Rating:

# Compiler Hell
## Analysis

We poked around a bit, and we roughly went through the following train of thoughts:

* Defining the `S4` macro with different values, dictates the output of the code. Looks like the author intended to indicate that $0 \le S4 < 2^{16}$ based on the initial `#if` statements.
* There are lots of `#define`s and `#ifdef`s that define the flow of the preprocessing. Also, there are lots of `#include`s that include the same file.
* There is so little actual code that is not preprocessor directives:
```
$ cat code.c | grep -v "^#"
static const unsigned char O[] = {
};
int main() { return !fwrite(O, 58, 1, stdout); }
0,
-~
```
* But how does that even result in anything other than trivial outputs? Apparently the compiler has a flag to show emitted code right after pre-processing phase:
```
gcc code.c -E | grep -v "^#" | grep -v "^$"
```
The `grep`s are there to filter out empty lines and comments.
* Oh, hey, `-~0 = 1` and `-~-~0 = 2` and `-~-~-~0 = 3` and so on! It's making sense now.

So to wrap up: the code recursively includes itself, macros get defined and undefined along the way, and that effects the number of `-~`s that are emitted which in turn indicates the character that is being constructed. Also emission of the `0,` means we are moving to the next character. We are expected to find the appropriate value of `S4` such that beginning with just that macro defined, results in a code that outputs the flag.

## Base implementation

We could try to brute force our way by compiling the code over and over again, each time defining `S4` with a different value. We didn't try that and don't think it would've worked either since the compilation process seemed too slow to work.

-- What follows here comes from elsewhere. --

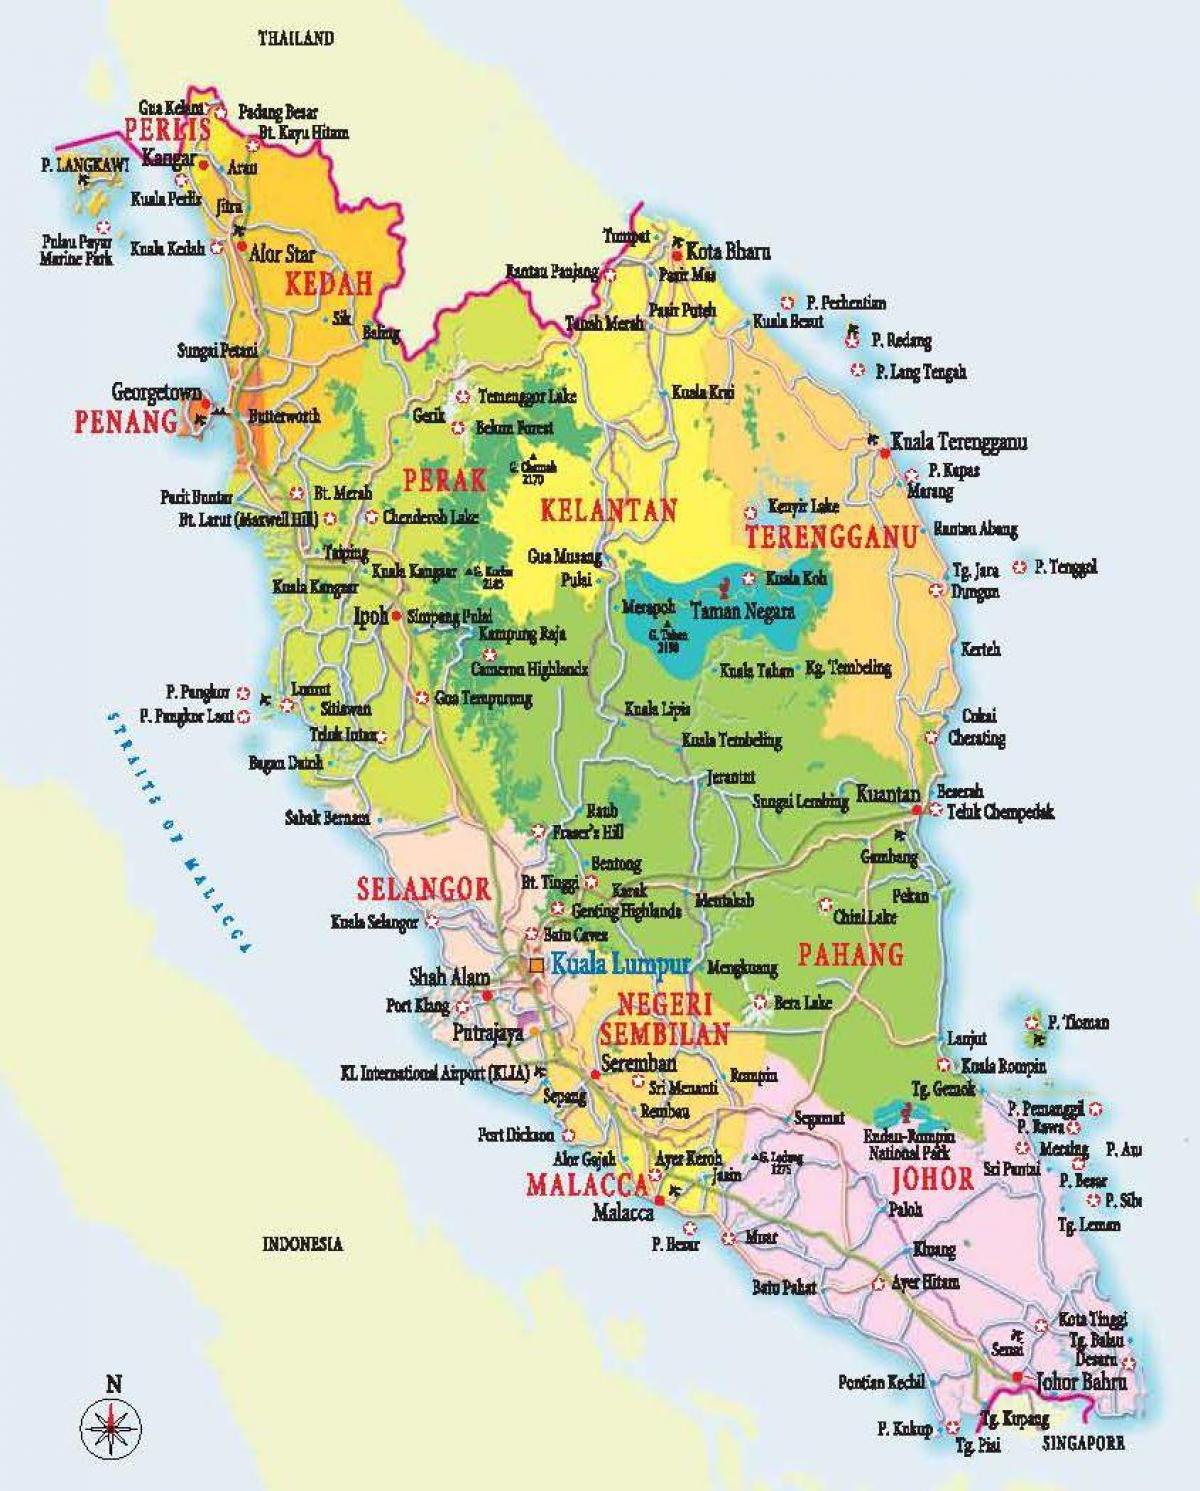 zemljevid zahodno malezija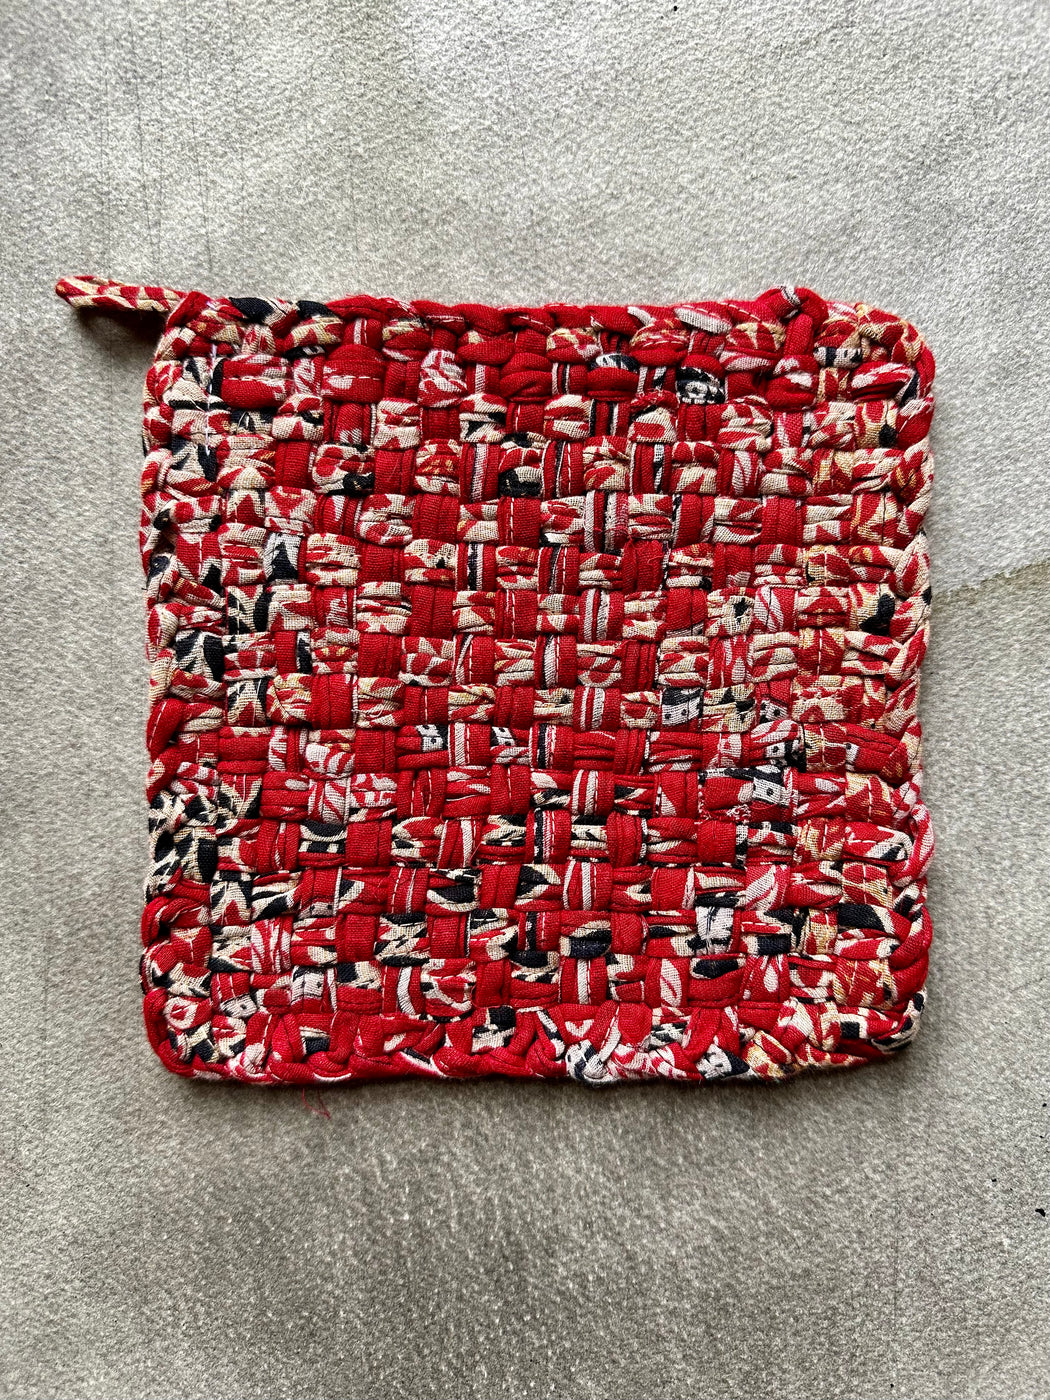 Woven Cotton Sari Potholders - Reds

So what we did was we wrote an interpreter to predict the output of compiling the code with a specific value of `S4`, then iterated through every value of `S4` to find a string that contains the word `CTF`.

This is not faster than compiling the code directly, but it lets us apply optimizations going forward.

## Optimization 1: Memoize

Compilers are, hopefully, deterministic beings. Meaning that their initial state dictates their final state. In this case, **result** (here: emitted code + defined macros) of `include`ing only depends on the macros that are defined right before the file is included.

We can memoize the result of `include`ing the file, given the current state of defined macros, and avoid re-processing the include if we face a similar macro state.

I guess this optimization alone could be enough to get the flag in a couple of hours, but we wanted to be in the first 3 to solve this to get the bonus points. So, we went even further:

## Optimization 2: Prune
We expect the final string to be human readable. Let's just stop after we spot the first non-humanreadable character in the resulting output. This makes the search tree so lightweight that the whole search space may be explored in 10 minutes or so.

## Flag
`#define S4 34979` results in:

```
S4CTF{Th1nK_oF_tHi5_En7rY_aZ_coD3_0bFuSc4t3r_wIth_a_cOdE}
```

One question remains though: How did the authors write the code in the first place?